8. Enumerate windows and panes across all Unterm instances

When the user has multiple Unterm windows open (alpha, bravo, charlie, …), each runs its own MCP server on a different port. Cross-instance discovery is via the ~/.unterm/instances/ directory:

import os, json, glob

def all_instances():
    for path in glob.glob(os.path.expanduser("~/.unterm/instances/*.json")):
        with open(path) as f:
            yield json.load(f)

for inst in all_instances():
    print(f"  {inst['id']:8}  pid={inst['pid']:6}  http=:{inst['http_port']}  cwd={inst.get('cwd')}")

Within one instance, instance.list is the equivalent MCP method (returns the same JSON). instance.info returns just the current one.

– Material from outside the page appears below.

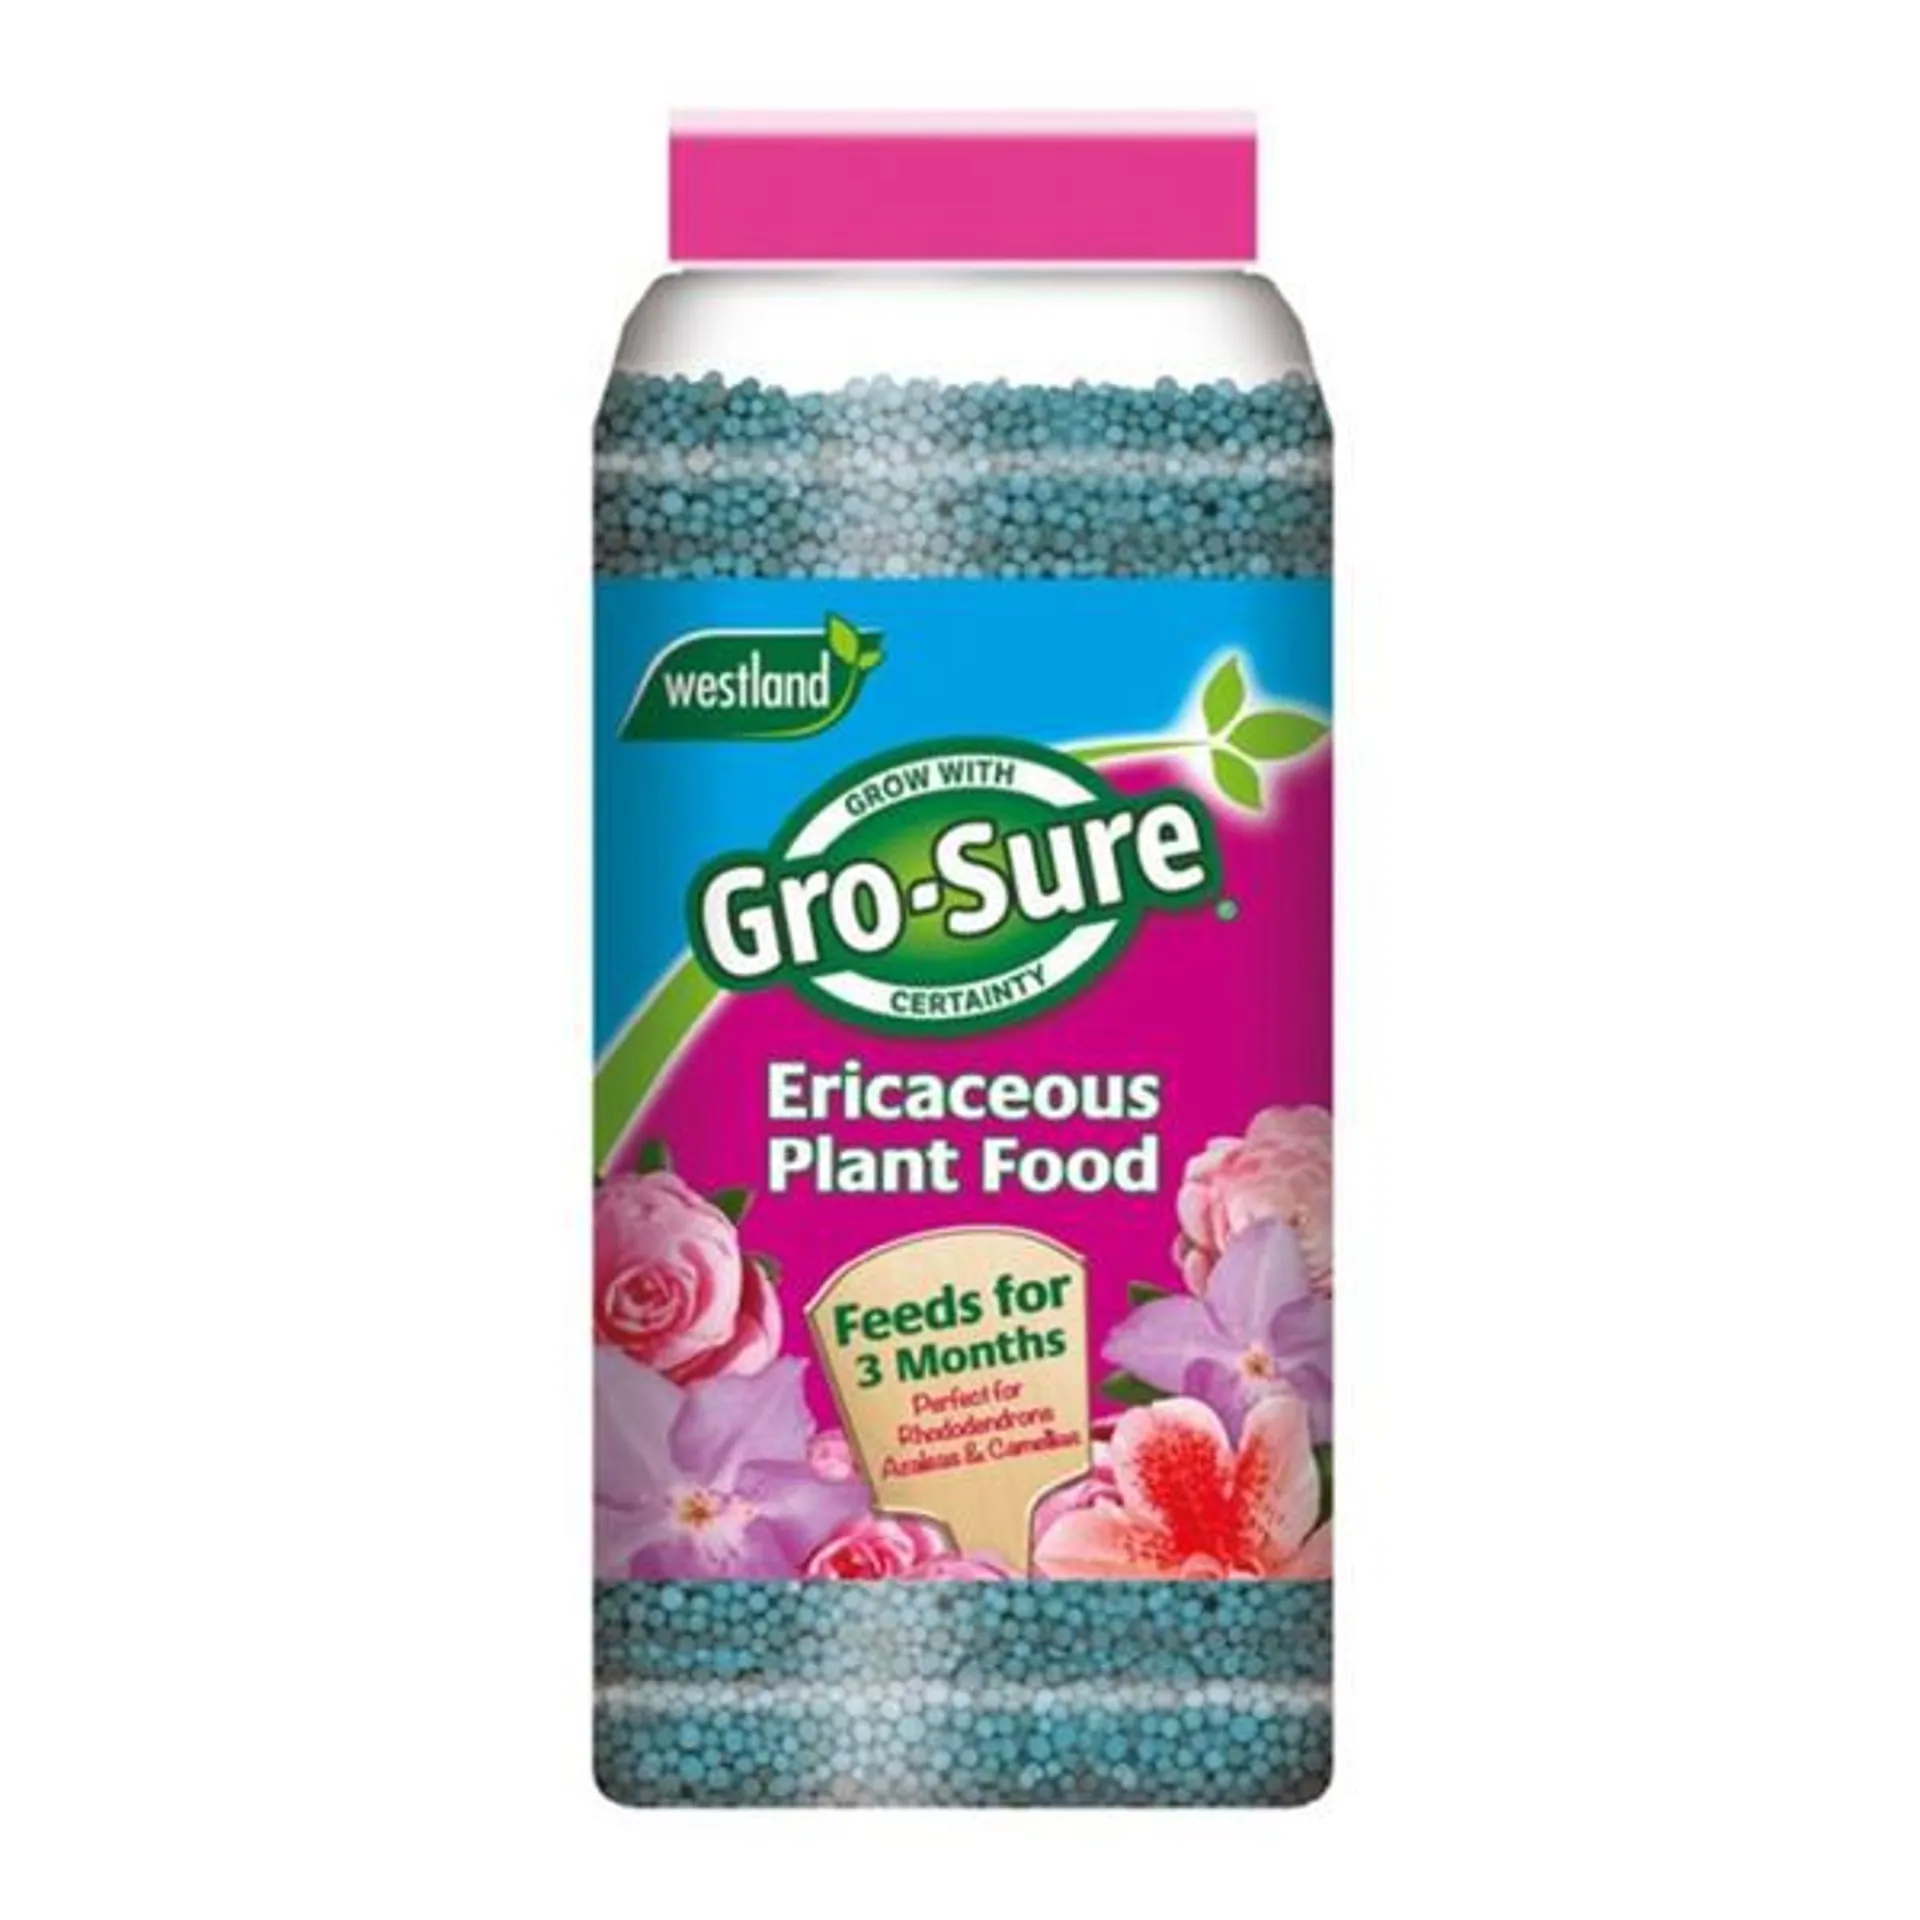 Gro-Sure Ericaceous Plant Food Granules 900G

9. Drive a profile-bound shell

When a window is bound to an identity profile (v0.13+), every pane in it inherits the profile’s env. Agents can spawn shells in a specific identity:

unterm-cli profile spawn "Work — Acme" --cwd /Volumes/Dev/code/work
# this opens a NEW window bound to the named profile;
# from there the agent connects to that window's MCP port

To find the right port + token for the newly-opened window, watch ~/.unterm/instances/ for a new JSON file appearing.